[EXCERPTED RECORDS — start]

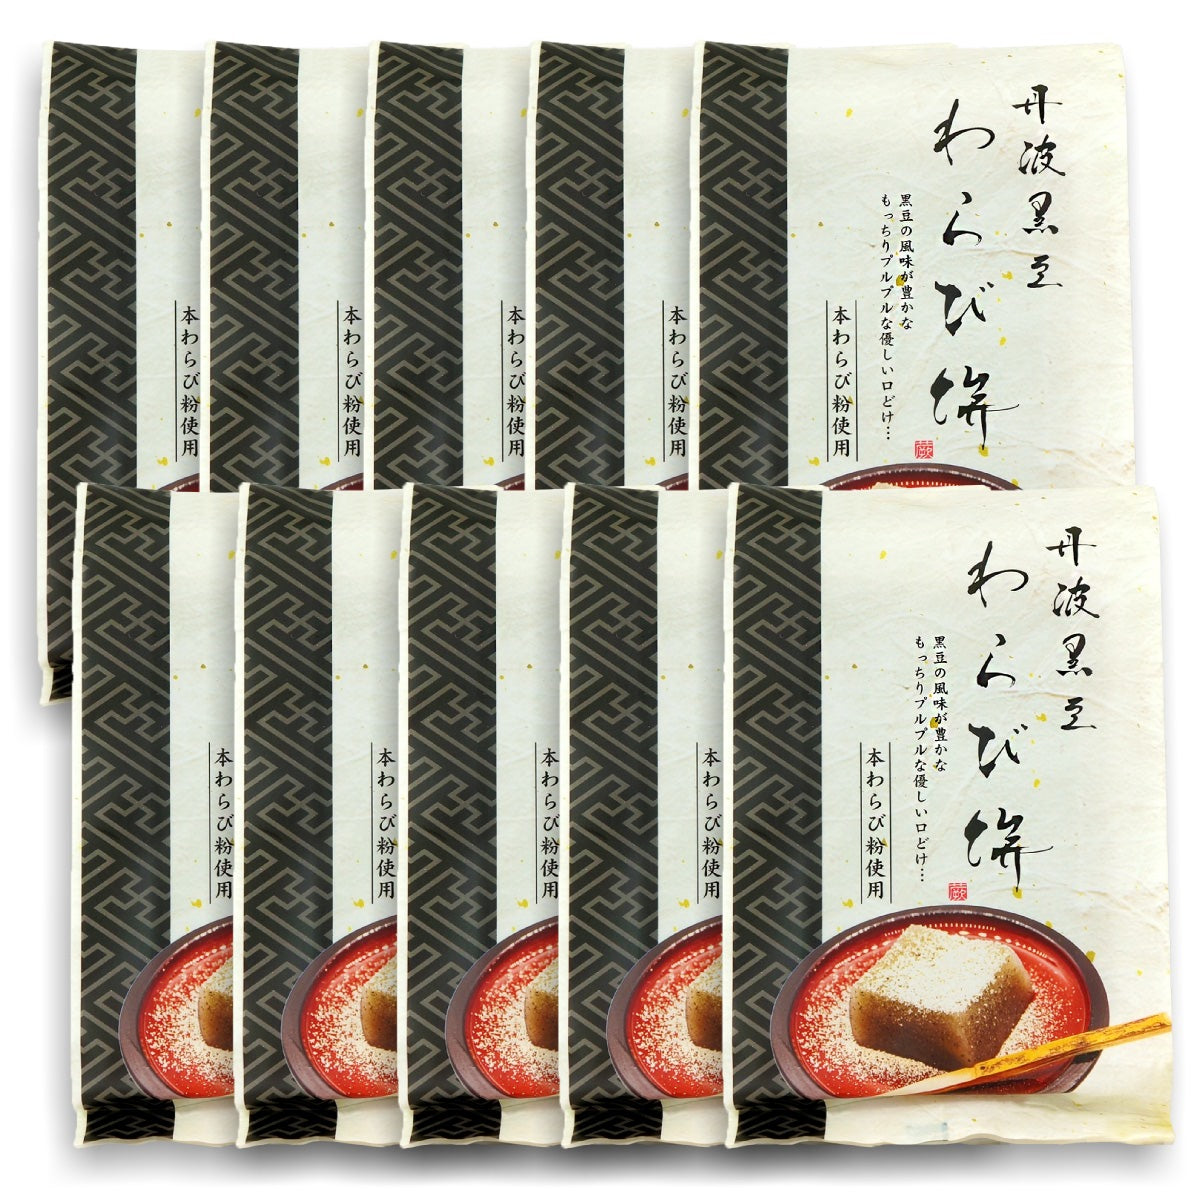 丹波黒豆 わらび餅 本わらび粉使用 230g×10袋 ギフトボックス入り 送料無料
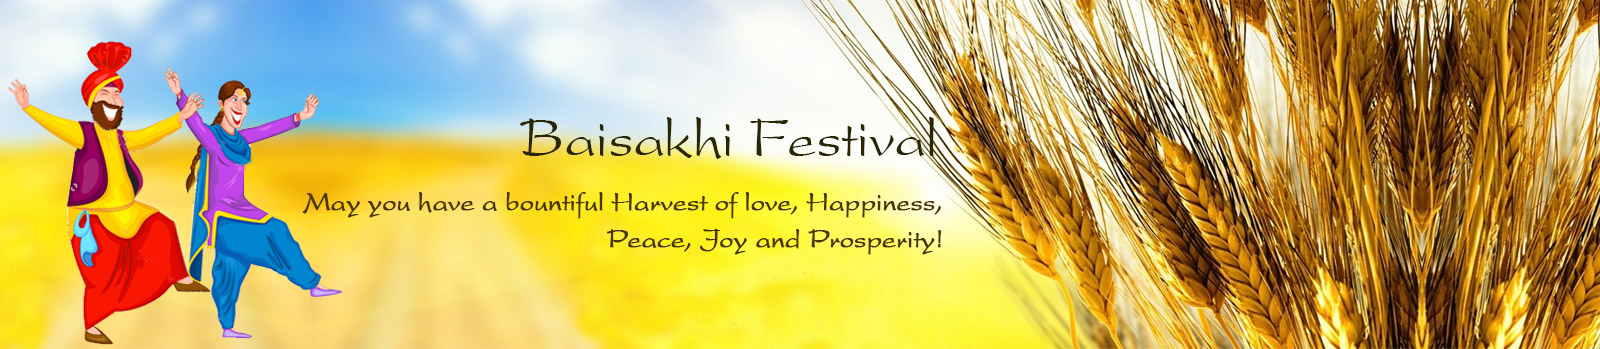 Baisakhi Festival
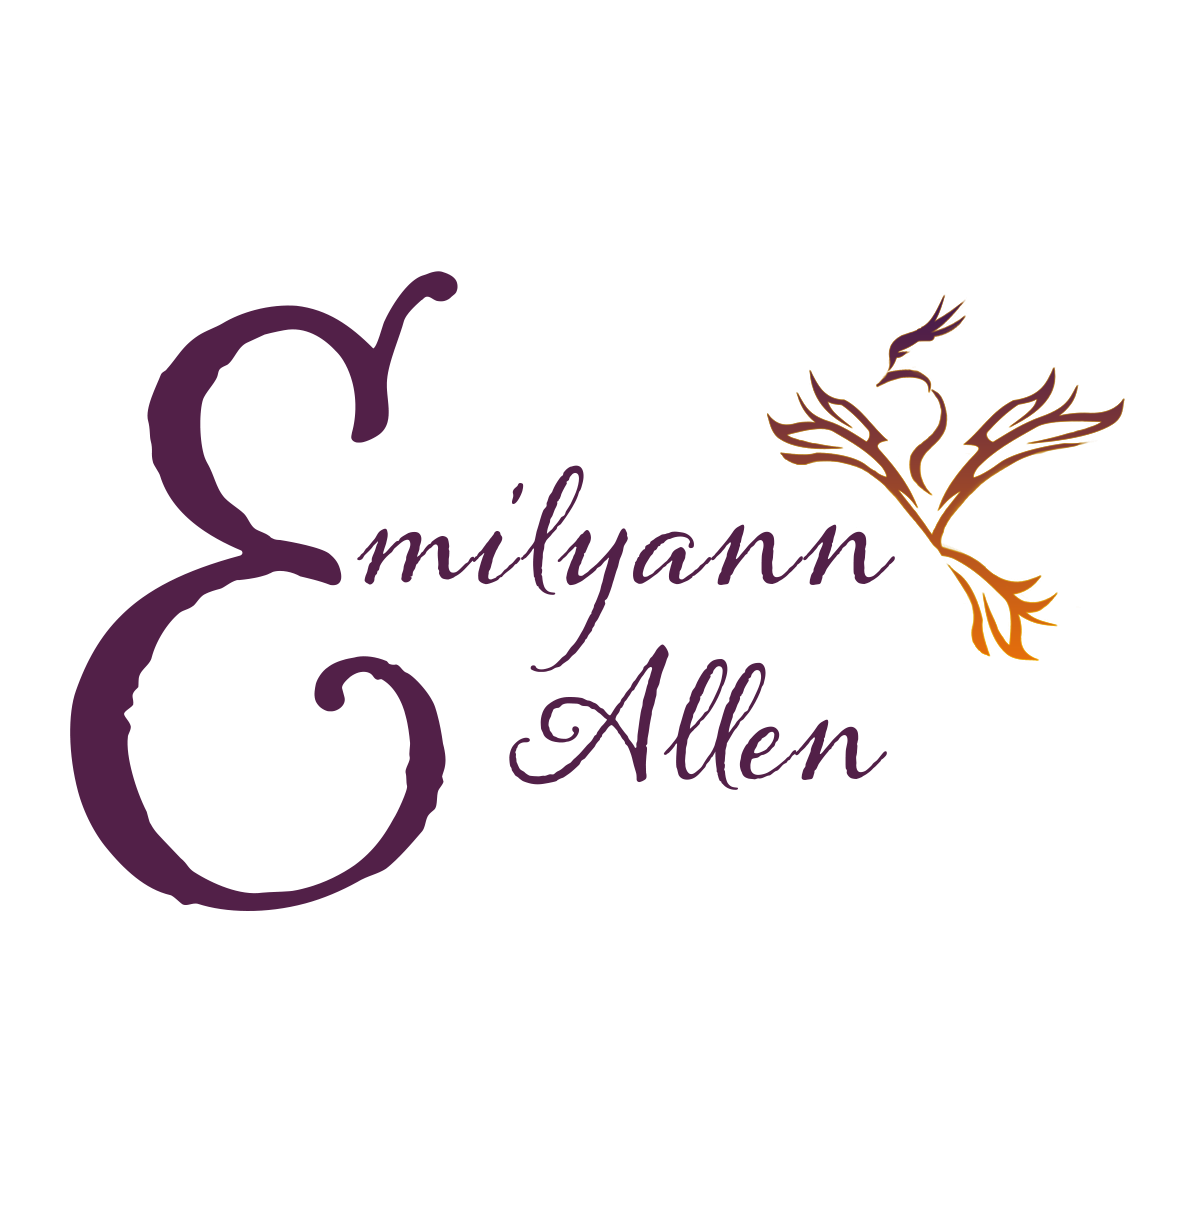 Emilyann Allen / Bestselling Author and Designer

[EXCERPTED RECORDS — finish]
[EXCERPTED RECORDS — start]

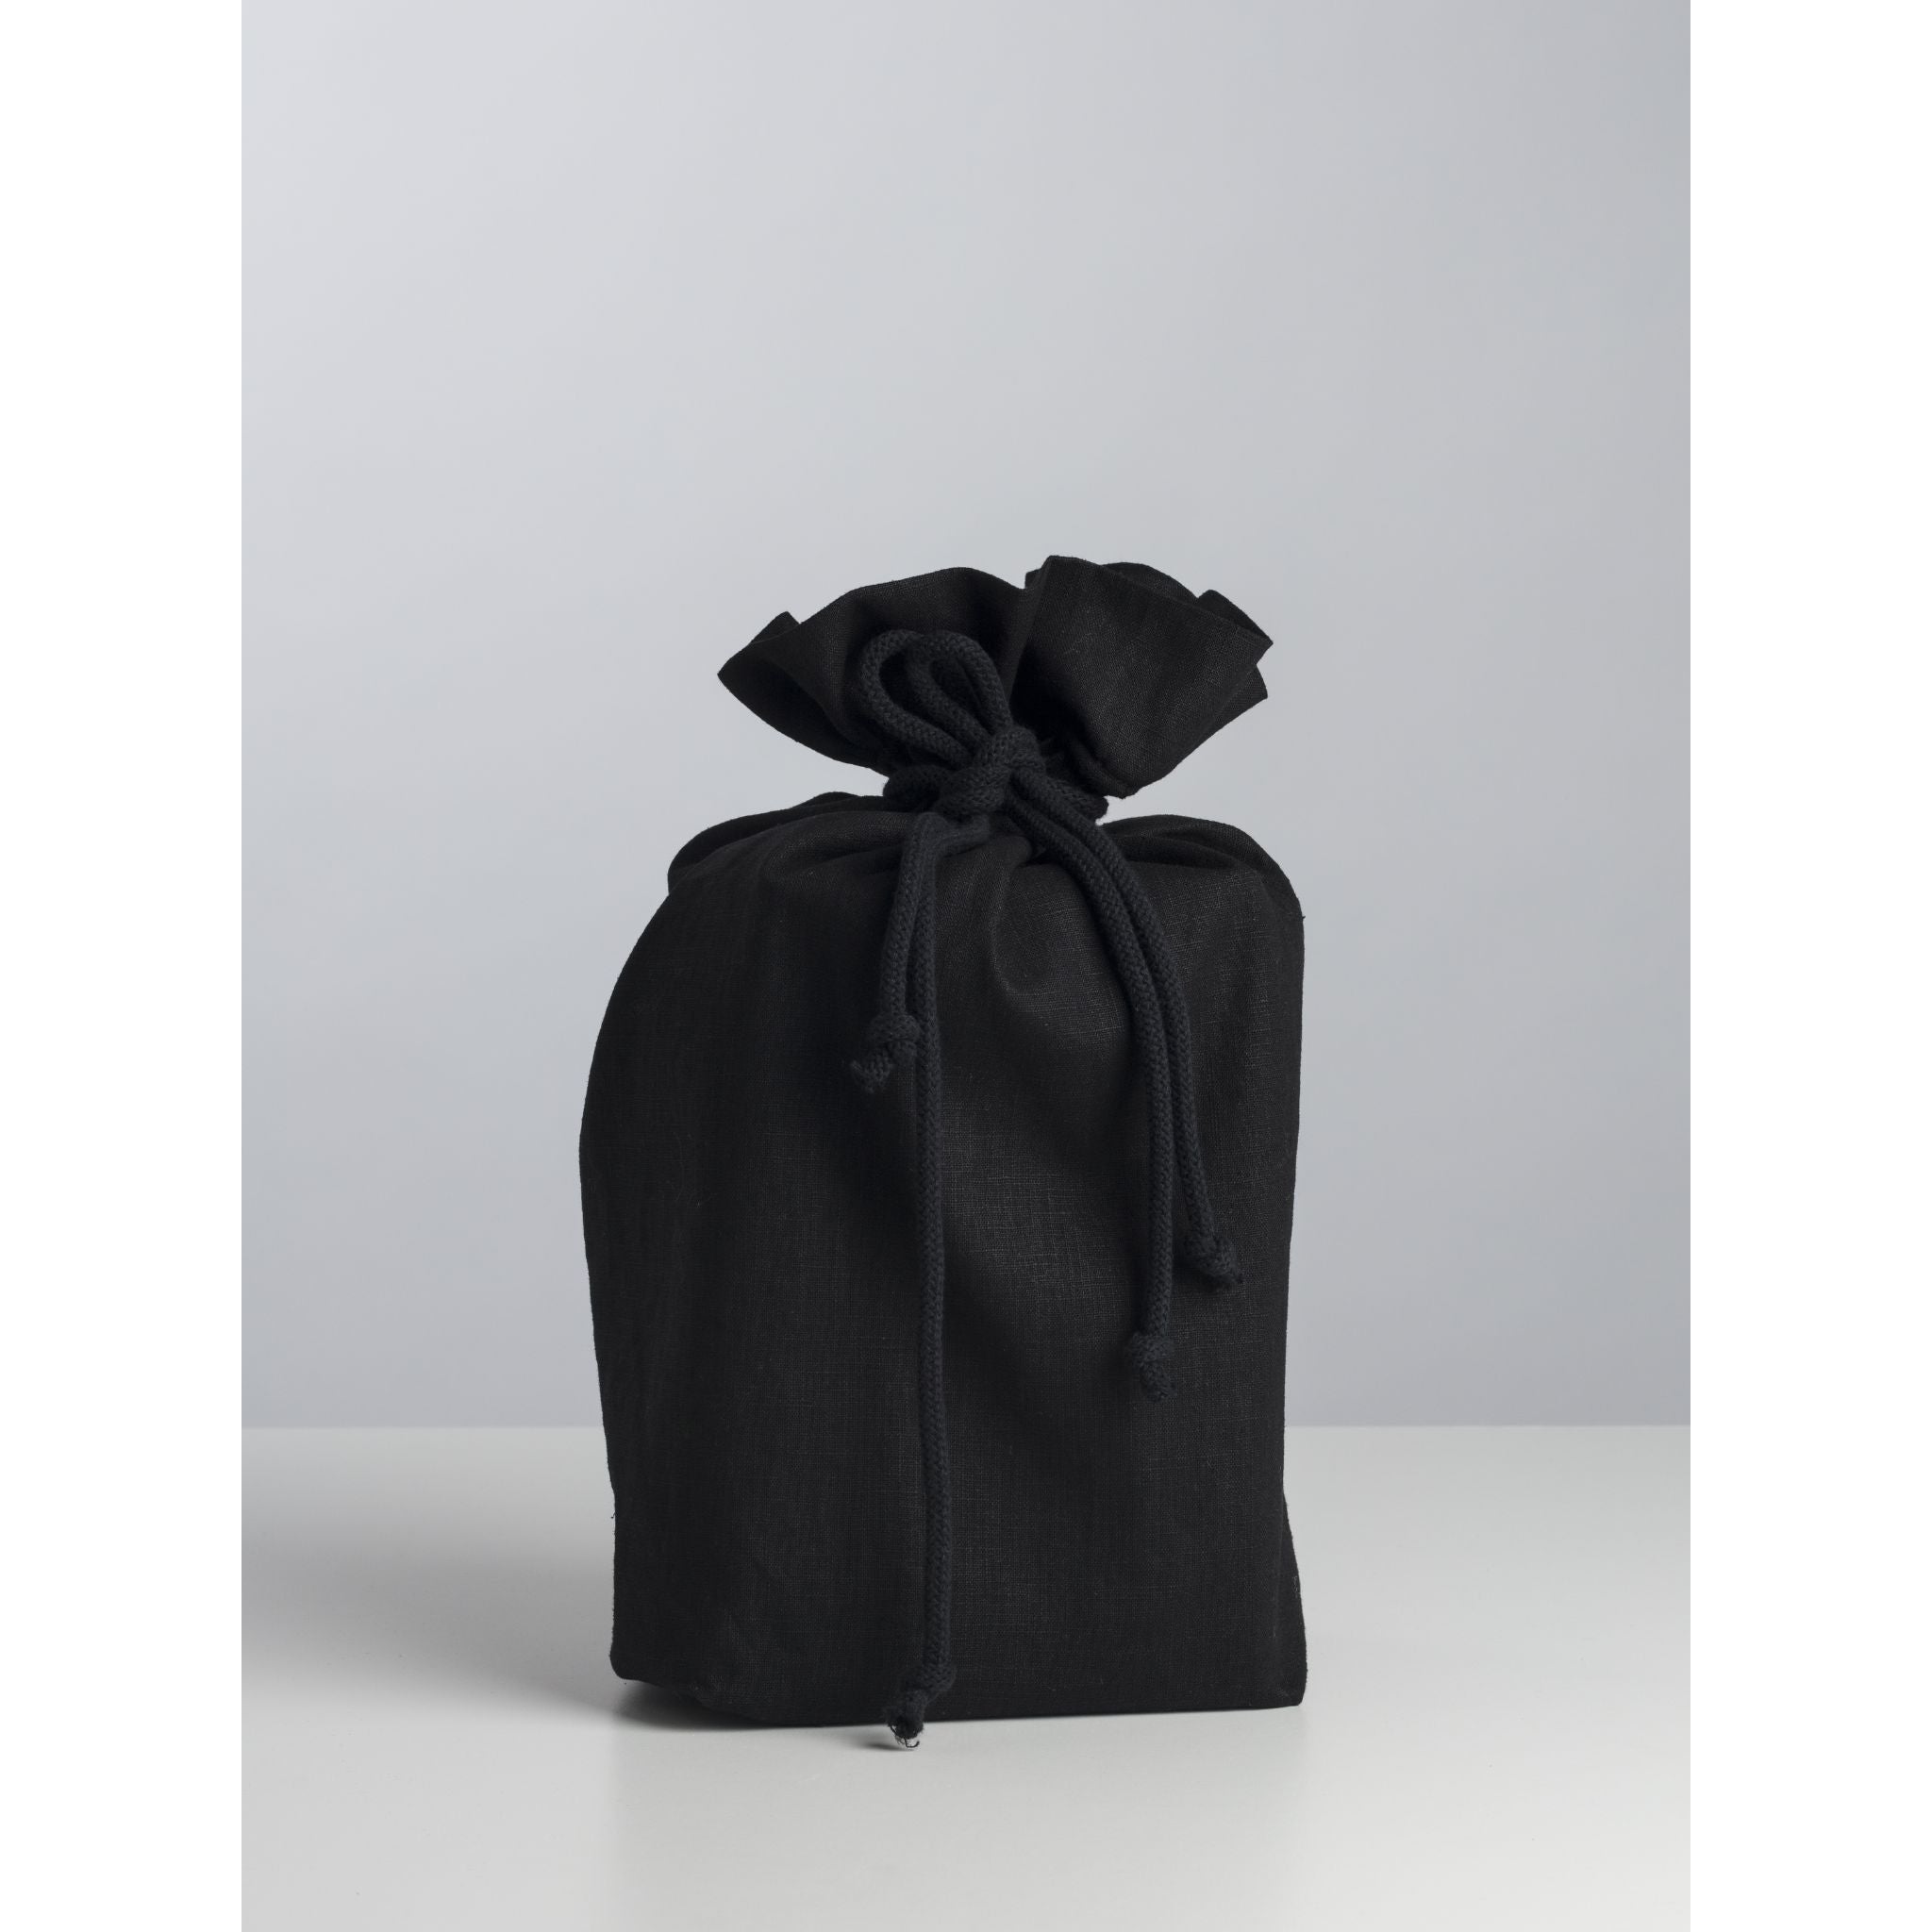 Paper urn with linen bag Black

[EXCERPTED RECORDS — finish]

Please repeat, exactly as written, the lines in the records above, starting with the one that has "Baisakhi Festival" and going on through the one that has "Emilyann Allen /". Pictures are to be left out.

 Baisakhi Festival
 Emilyann Allen / Bestselling Author and Designer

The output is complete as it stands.